Now, if you had told me a few years ago that the CPS was setting aside resources to educate children about elements of the criminal law, I would have been surprised, knowing first-hand how under-resourced that body is, and how many of its cases fall apart because of delays in disclosure of evidence. If you had told me it enlisted a controversial, highly partisan lobby group to develop a guidance for schools regarding just one of the categories of people covered by hate speech laws, with the aim of regulating children’s speech, and encouraging children to report one another for saying the wrong thing, I would have  assumed the person telling me was misinformed. I would have said, well, the CPS does a bit of outreach to marginalised communities to help people understand what the law is, but they couldn’t possibly have anything to do with school children. How far from the CPS’s public remit would that be?

Yet here we are. The Crown Prosecution Service has issued, in partnership with (who else) Stonewall, new schools guidance on LGB/T+ hate crimes. Gender critical legal, feminist and Mumsnet Twitter reacted with instant alarm, aghast that the gender agenda is reaching for coercive control of children’s speech before it has even issued from their mouths, despite a concerted chorus of condemnation from concerned parents in response to a previous – publicly available – version of the guidance. The difference, this time, is that the CPS has made the document password access for school staff only. Parents are not welcome to view what the state prosecutor plans to do to their children.

I wonder why?

Could it be that they were worried about public scrutiny causing embarrassment and diminishing trust in a public authority, or something along those lines?

Well, I suggest we all – as parents – scrutinise the living daylights out of this CPS schools hate crime guidance. FOIs have been made, and parts of the document were shared on social media. Fair Cop and Safe Schools Alliance are on the case, kudos to them. Take a look at this activity worksheet about ‘Toilet Choice,’ bearing in mind the pack is aimed at 11-16 year olds. It clearly depicts an adult male, late twenties to mid-thirties, wearing some lipstick and with long hair signalling an affinity for feminine norms of self-presentation.

The first obvious question is, what is this person doing in children’s school toilets (or, indeed, and female toilet)? As an adult, the only reason for being present in a school is that he is on the staff, or is visiting to give a talk or provide some other service. In any event, there is no legitimate reason why he would need to enter the children’s toilets (or any female toilet). Staff and visitors have their own loos. This being the case, why is his decision to enter a children’s toilet being presented as an innocent “choice” between using the girls, or the boys?
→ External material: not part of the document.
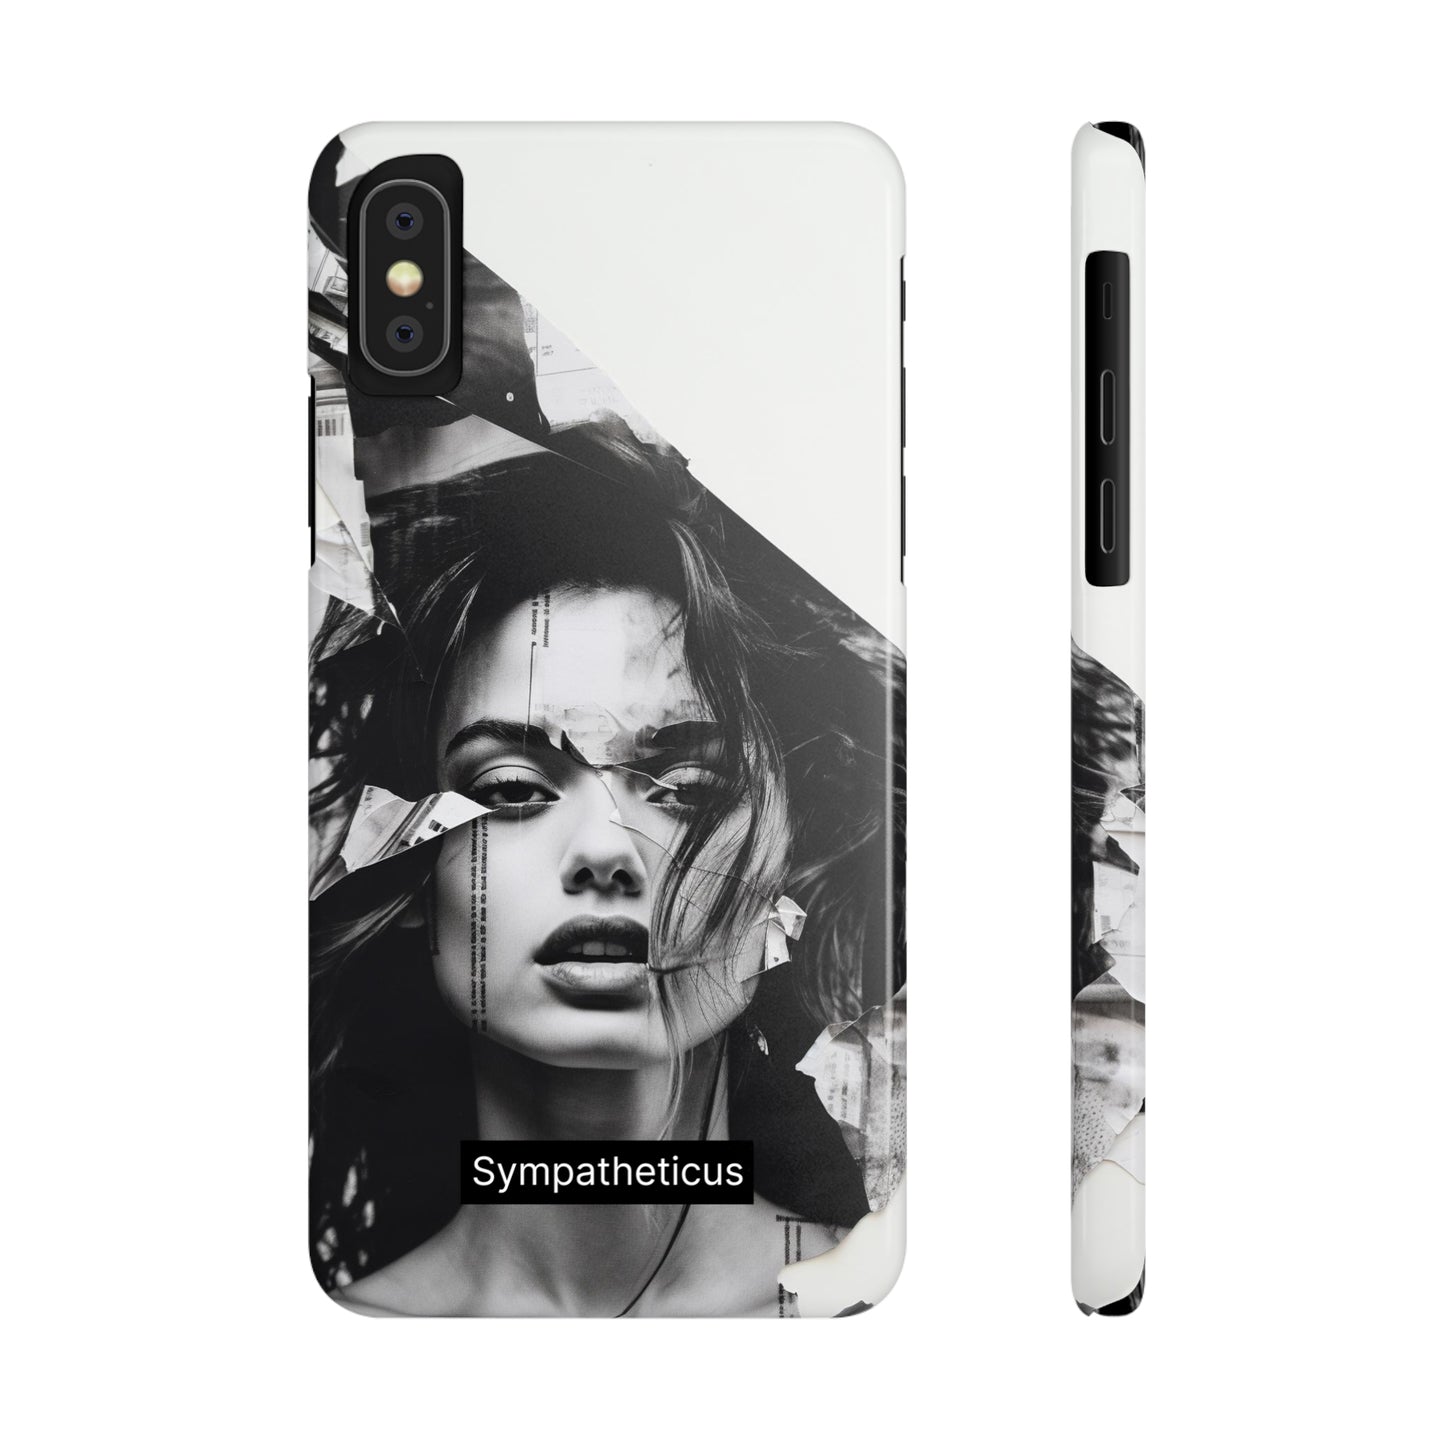 Iphone graphic case-20

I’ll leave you to answer that question.

My second question points at a strange, and sorry, state of affairs. By way of this document, the state prosecutor is, in effect, intimidating school leaders who, in turn, are burdened with the task of intimidating children into unquestioning obedience to Stonewall Law.  As we know, that is no law at all, but a creature of policy spiral, and the capture of respectable fronts by bad actors. Have a look at Student Information Sheet 2. It lists the myriad ways a child could be implicated in a hate crime, or hate incident, in or out of school. The conduct ranges from the non-criminal but recordable as a hate incident – jokes, comments, name-calling – all the way to the crime of crimes, murder, with the aggravating factor of hostility towards a member of a protected category.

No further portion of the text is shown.